Using NVIDIA GeForce GTX 1660 Ti for training.


In [39]:
# !pip install segmentation-models-pytorch

In [40]:
import torch
import torch.nn as nn
import torch.nn.functional as F
import torchvision.transforms as transforms
from torch.utils.data import DataLoader, Dataset
from torch.optim import Adam
from torch.optim.lr_scheduler import LambdaLR
import os
import csv
import random
import cv2
import numpy as np
from skimage.transform import resize
import PIL
from torchvision.models import resnet34
from torchvision.models.segmentation import fcn_resnet50
import segmentation_models_pytorch as smp
# import albumentations as A  # Alternative for augmentations like `imutils`


In [41]:
HEIGHT = 128
WIDTH = 128
INIT_LR = 0.0001
EPOCHS = 15
TRAIN_PATH = "../nyu_data/data/nyu2_train.csv"
TEST_PATH = "../nyu_data/data/nyu2_test.csv"

In [42]:
# use torchvision.model.segmentation.fcn_resnet50
model = smp.Unet("resnet34", encoder_weights="imagenet", in_channels=3, classes=1).to(device)

In [43]:
# !pip install torchsummary

In [44]:
from torchsummary import summary
summary(model, (3, HEIGHT, WIDTH))

----------------------------------------------------------------
        Layer (type)               Output Shape         Param #
            Conv2d-1           [-1, 64, 64, 64]           9,408
       BatchNorm2d-2           [-1, 64, 64, 64]             128
              ReLU-3           [-1, 64, 64, 64]               0
         MaxPool2d-4           [-1, 64, 32, 32]               0
            Conv2d-5           [-1, 64, 32, 32]          36,864
       BatchNorm2d-6           [-1, 64, 32, 32]             128
              ReLU-7           [-1, 64, 32, 32]               0
            Conv2d-8           [-1, 64, 32, 32]          36,864
       BatchNorm2d-9           [-1, 64, 32, 32]             128
             ReLU-10           [-1, 64, 32, 32]               0
       BasicBlock-11           [-1, 64, 32, 32]               0
           Conv2d-12           [-1, 64, 32, 32]          36,864
      BatchNorm2d-13           [-1, 64, 32, 32]             128
             ReLU-14           [-1, 64,

In [45]:
# Function to read CSV file and load image-depth map pairs
def read_csv(csv_file_path):
    """
    Reads a CSV file and returns a list of tuples (image_path, depth_map_path).
    """
    with open(csv_file_path, 'r') as f:
        csv_reader = csv.reader(f, delimiter=',')
        return [(f'./{row[0]}', f'./{row[1]}') for row in csv_reader if len(row) > 0]

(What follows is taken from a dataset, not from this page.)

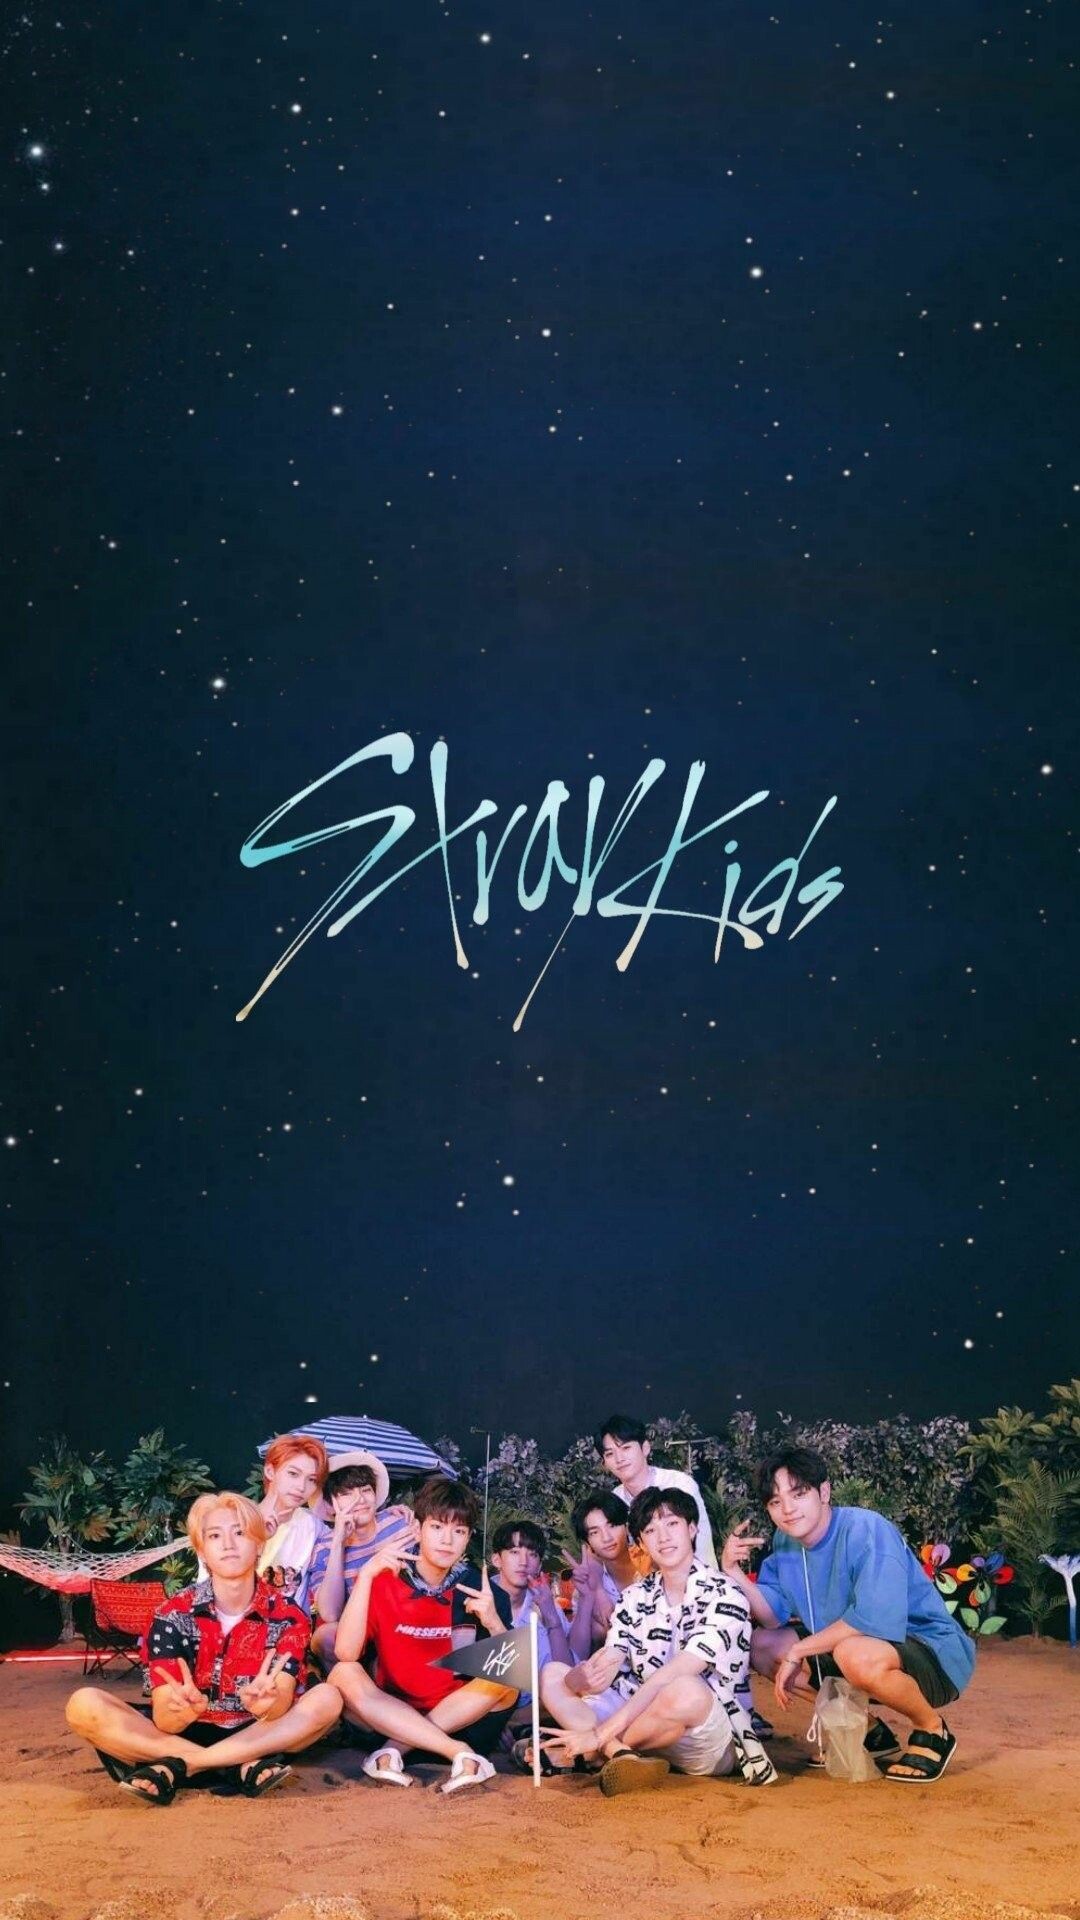 Stray Kids: Noeasy peaked at number one on the Gaon Album Chart. 1080x1920 Full HD Background.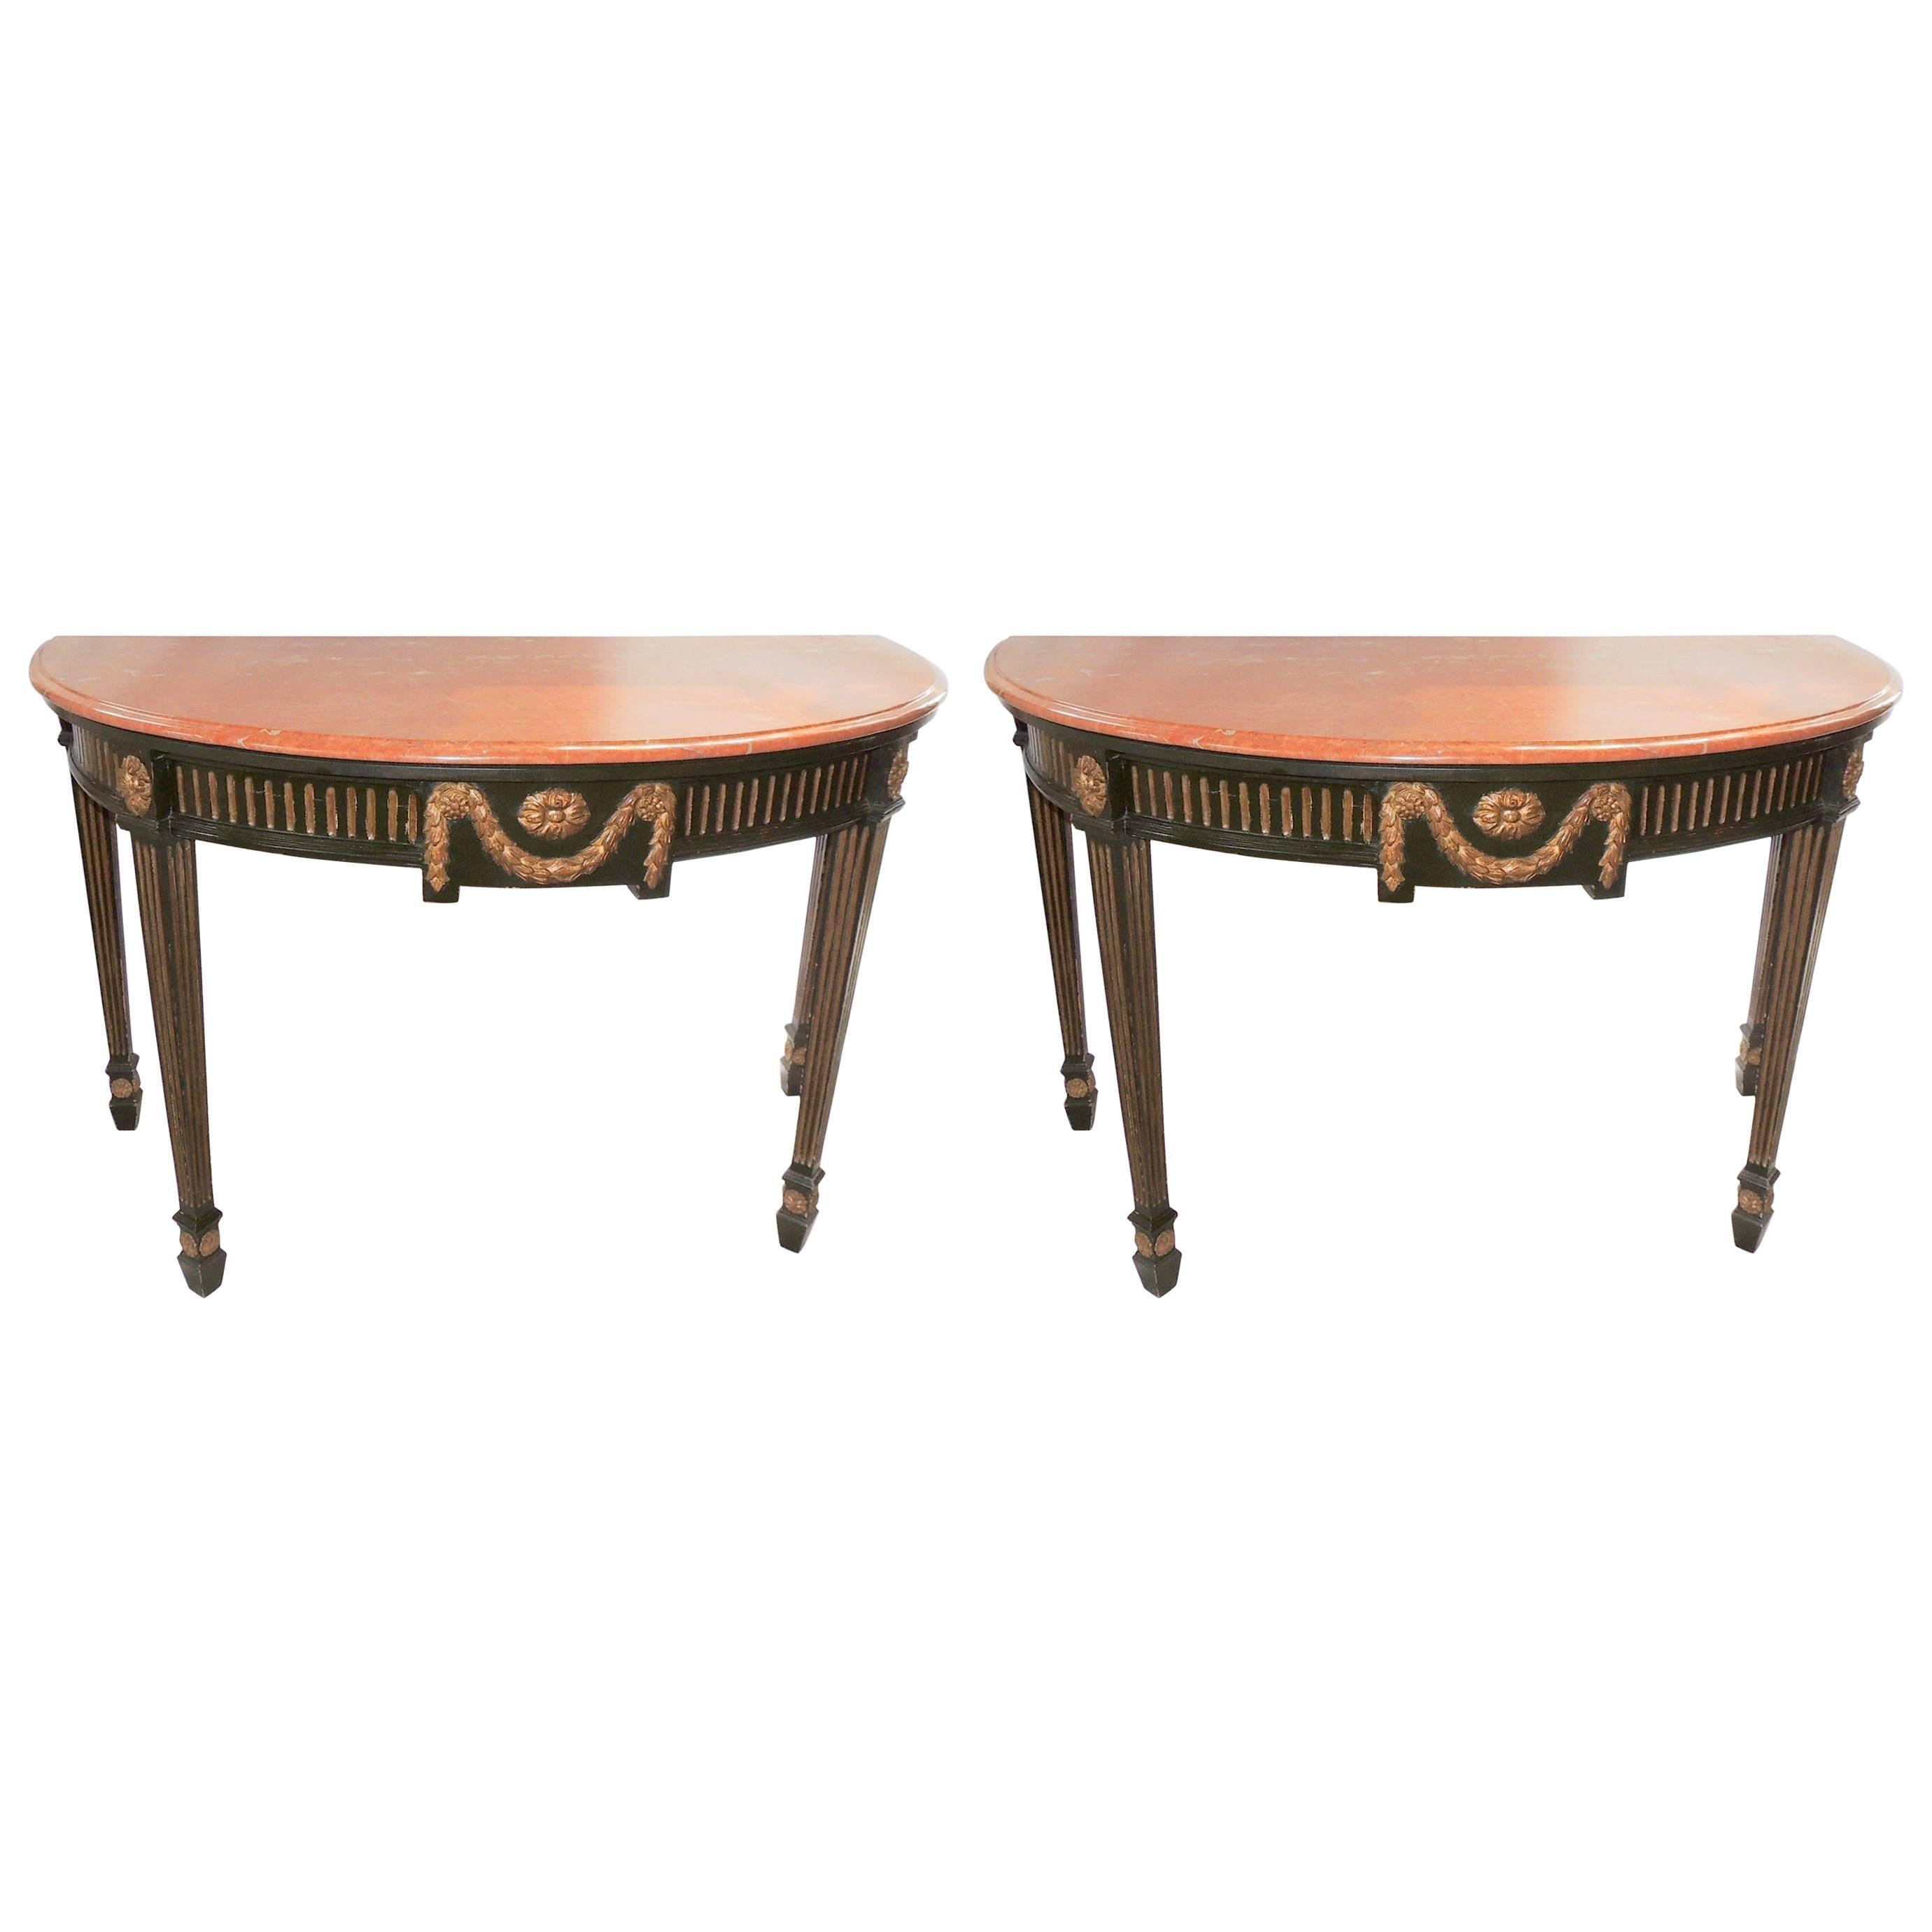 Wonderful French Pair Regency Marble-Top Green Gold Gilt Demilune Console Tables

# Function to split the dataset into training and validation sets
def train_val_split(train_paths, val_size):
    """
    Splits the paths into training and validation datasets.
    """
    random.shuffle(train_paths)  # Shuffle paths
    len_train_paths = len(train_paths)
    i = int(len_train_paths * (1.0 - val_size))
    train = train_paths[:i]
    val = train_paths[i:len(train_paths)]
    return train, val

# Function to load training paths and labels
def load_train_paths(train_path):
    """
    Loads the training paths and labels from the CSV file.
    """
    train_paths = read_csv(train_path)
    labels = {img_path: dm_path for img_path, dm_path in train_paths}  # Map image to depth map
    x_paths = [img_path for img_path, _ in train_paths]  # Get list of image paths
    x_train_paths, x_val_paths = train_val_split(x_paths, 0.3)  # Split into training and validation sets

    partition = {
        'train': x_train_paths,
        'validation': x_val_paths
    }
    return partition, labels

In [46]:
import torch
import cv2
import numpy as np
from torchvision import transforms
from skimage.transform import resize
from skimage import io

# Normalize image
def normalize_img(img):
    """
    Normalizes an image to the range [0, 1].
    """
    norm_img = (img - img.min()) / (img.max() - img.min())
    return norm_img

# Preprocess input image
# def preprocess_image(img_path, horizontal_flip=False, height=128):
#     """
#     Reads and preprocesses an RGB image.
#     Args:
#         img_path (str): Path to the image.
#         horizontal_flip (bool): Whether to apply horizontal flip.
#         height (int): Target height for resizing.
#     Returns:
#         torch.Tensor: Preprocessed image tensor.
#     """
#     # Read and resize image
#     image = cv2.imread(img_path, cv2.IMREAD_COLOR)
#     image = resize(image, (height, int(height * 4 / 3)), mode='reflect', preserve_range=True)
#     image = image[:, 21:149].astype(np.float32)  # Crop and convert to float32
#     image = normalize_img(image)  # Normalize to [0, 1]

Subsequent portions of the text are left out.